Most data repositories will allow you to place a temporary embargo on the publishing of your dataset. During this embargo period the description of the dataset is published, and the data is only accessible by approved collaborators or cross-institutional teams. However, what is the argument for even publishing data up front prior to releasing it? Are we purely publishing our data to satisfy our own moralistic stance? To appear holier-than-thou, when in reality, we're merely minting a new DOI to go against our portfolio of data?

Concrete examples of when open data has worked

So we hopefully at this point agree that it is neccessary to publish your data, here at asencis we're agnostic to when that data becomes open. As long as the data becomes open within a reasonable time frame.

But does publishing your data actually make a real-world difference to real-world research?

Take Purvesh Khatri's active mining of open clinical datasets. This mining of data led to the discovery of what is known as a gene-expression pattern that corresponds to active tuberculosis (TB). His gene-expression pattern proposed a possible diagnostic method for TB that does not require the collection of sputum samples. Purvesh didn't need to run clinical trials by himself and, better still, he didn't need to have his own laboratory. He was able to just take a look at what's available publicly and openly, and make some really astonishing discoveries.

Another example of open data efficacy making a real-world difference was the Alzheimer's disease Neuroimaging Initiative (ADNI).

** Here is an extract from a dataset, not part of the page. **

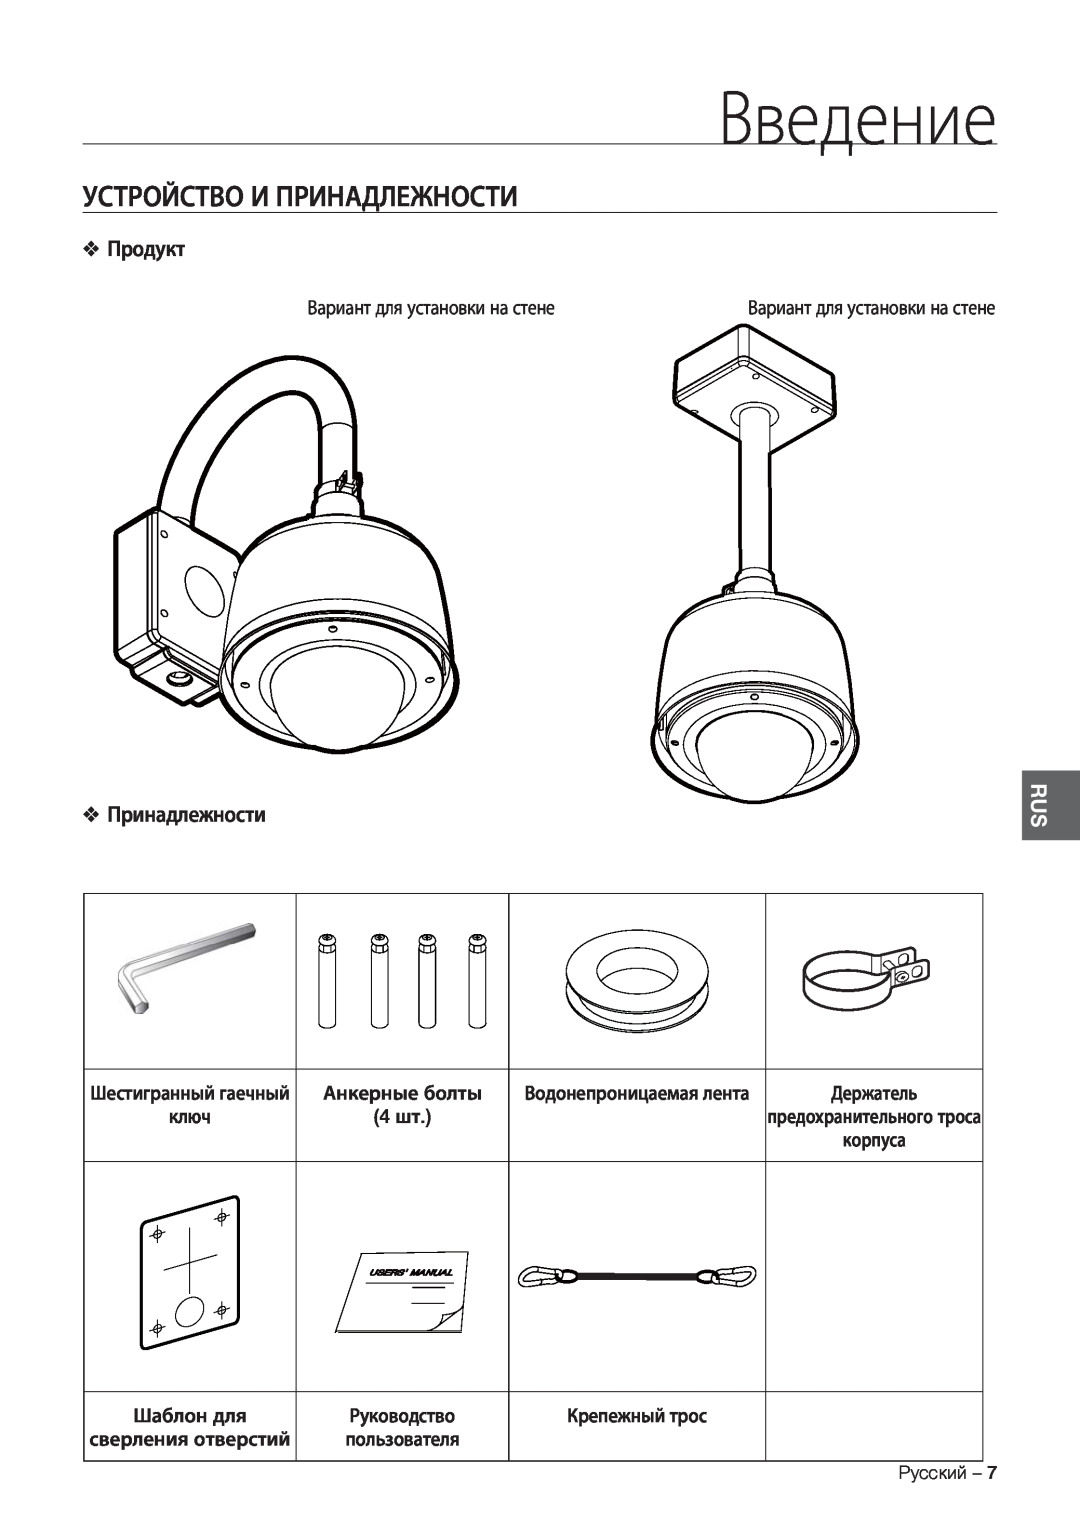 Samsung SCC-C7478P manual Устройство И Принадлежности, Продукт, Введение

ADNI aimed to validate a specific model of how different AD biomarkers change during the development of Alzheimer's disease. This initiative agreed to assemble common datasets and work collaboratively, making every finding public, and has made massive strides in being able to diagnose, and most importantly, to predict the onset of AD.

In the world of astronomy, both the Sloan Digital Sky Survey (SDSS) and the Hubble Space Telescope (HST) have provided large swathes of the data in their repositories open to the public. At the time of writing, there have been over 5600 published papers based on the SDSS open data. Furthermore, Oxford University, headed by Prof. Chris Lintott, used the SDSS to provide the data needed to drive forward the Galaxy Zoo project. It was one of the first citizen science projects. Millions of people, including primary-school students and middle-school students are using the data to classify the galaxies for astronomers. Allowing the public to participate in several key scientific discoveries.

So, when should we publish?

There are, of course, many examples of when data publishing both as soon as the data is available, and long after intellectually property dibs have run out have been successful. The key, in our mind, to open data publishing is that the data is published, and open for all, with both meticulous meta-data descriptions that describe the experimental conditions as accurately as possible and the tools and resources necessary for understanding the dataset. A trusted data repository should therefore be responsible for representing the interests of the researchers who create the data and supporting their research workflow and the propensity and ease to which they can work collaboratively. It must ensure that the data are well organized and are not maliciously tampered with. A responsible data repository of this nature could reduce the probability of data misuse. Here at asencis, we're aiming to achieve this open data holy grail.